The procedure of the simulation is as follows. First, a pair of VH and VE workloads are executed to measure the slowdown rate, and also each workload is executed alone to measure its VH load. Then, a workload set of executing 19 benchmarks one by one in a random order is organized for each of VH and VE, assuming the execution time of each benchmark is 100 s. After that, the makespan and turn-around time are calculated based on the measurement. For example, the slowdown rates are 1.4 and 1.2 for VH and VE workloads, respectively. Namely, in the case of their co-execution, the VH and VE workloads take 140 and 120 s, respectively. After 120 s from the simulation start, the VE becomes idle and the co-execution strategy might start executing one of subsequent VE workloads, or decide to keep the VE idle for 20 s to prevent severe performance degradation. In this way, workload co-execution is simulated until all of the VH and the VE workloads have finished. These steps are repeated 10,000 times to calculate the average values of the makespan and turn-around time.

5.2 Evaluation results and discussions

Co-execution strategies are evaluated in average turn-around time, worst turn-around time, and makespan. The average turn-around time is calculated for each of VH and VE workloads. If every workload is executed alone, there is no resource conflict and each workload takes exactly 100 s for execution. If all of VH and VE workloads are executed sequentially without co-execution, it takes $100\times 19\times 2=3800$ seconds to execute all the workloads, i.e., the makespan is 3800 s. By introducing workload co-execution, the makespan will become shorter because the execution time of one workload is partially overlapped with that of another co-executing one, while the turn-around time of each workload might become longer due to resource conflicts. Accordingly, there is a trade-off between the turn-around time and makespan. The proposed conflict-aware co-execution strategy is expected to find a good trade-off point by adjusting the threshold value.

Figures 11, 12, and 13 show the changes in average turn-around time, makespan, and worst turn-around time by adjusting the threshold. These figures visualize the summary statistics with box plots, in which a whisker indicates the range of the data distribution, the central mark on each box indicates the median, and the bottom and top edges indicate the 25 and 75 percentiles, respectively. In the figures, "noplan" indicates unconditional co-execution, which can be considered as a special case of the proposed strategy with the threshold of $\infty$.

Figure 11 shows that the average turn-around time with the threshold of 50% is almost the same as that without co-execution, and the average turn-around time with the threshold of 150% is almost the same as that with unconditional co-execution. When the threshold is set to 100%, the average turn-around time is slightly longer than that without co-execution but much shorter than that with unconditional co-execution. Figure 12 shows that workload co-execution can shorten the makespan unless the threshold is too small of 50%. Even if the threshold is set to 50%, the makespan becomes slightly shorter, and thus some workloads are co-executed.
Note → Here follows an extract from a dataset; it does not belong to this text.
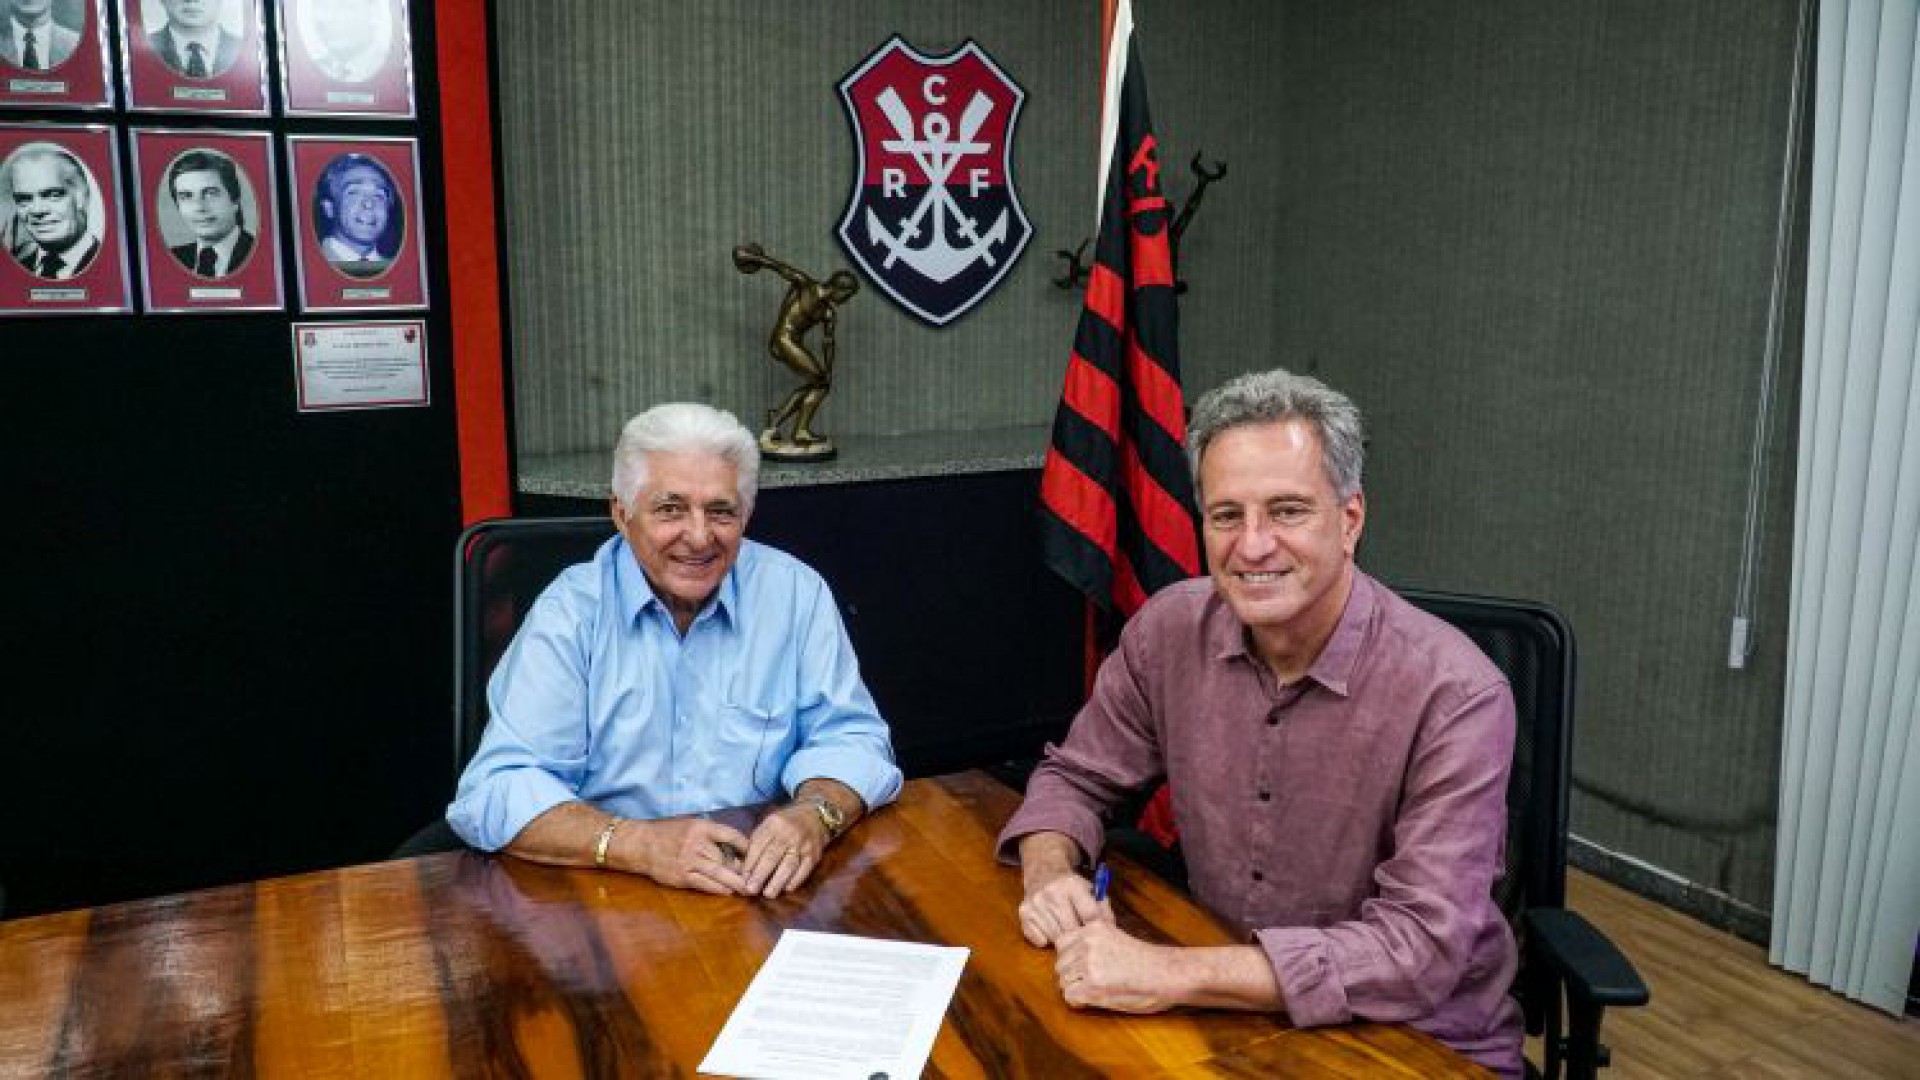 Presidentes do Grêmio Pague Menos e Flamengo, Deusmar Queirós e Rodolfo Landim assinam contrato de parceria entre os clubes (Foto: DIVULGAÇÃO)

Figure 13 shows that, if the threshold is too large, e.g., 150%, the proposed strategy is unable to avoid a conflicting workload pair from being co-executed and thus the worst turn-around time could be almost the same as that with unconditional co-execution. On the other hand, the proposed strategy with a threshold of 50% or 100% can certainly avoid co-execution of conflicting workload pairs, and retain the worst turn-around time to be short. The results in Figs. 11, 12, and 13 demonstrate that each performance metric of the proposed strategy becomes closer to that with sequential execution as the threshold becomes smaller, and closer to that with unconditional co-execution as the threshold becomes larger. It is also demonstrated that if the threshold is set to 100%, intuitively considered optimal, the proposed strategy can reduce the makespan while preventing a significant increase in turn-around time.

In this paper, the execution time of every workload is set to 100 s, and thus the negative effect of resource conflicts between such short-running workloads cannot be critical. However, in practice, such a severely conflicting workload pair could be co-executed for a longer time, making the system throughput low during the co-execution. Thus, it is important to predict conflicting workload pairs and avoid co-executing them. The proposed strategy with the threshold of 100% can reduce the makespan by 28.5% on average while retaining the worst turn-around time to only 1.55 times longer than that without co-execution. Therefore, we conclude that the proposed strategy can improve the makespan without critically increasing the worst turn-around time.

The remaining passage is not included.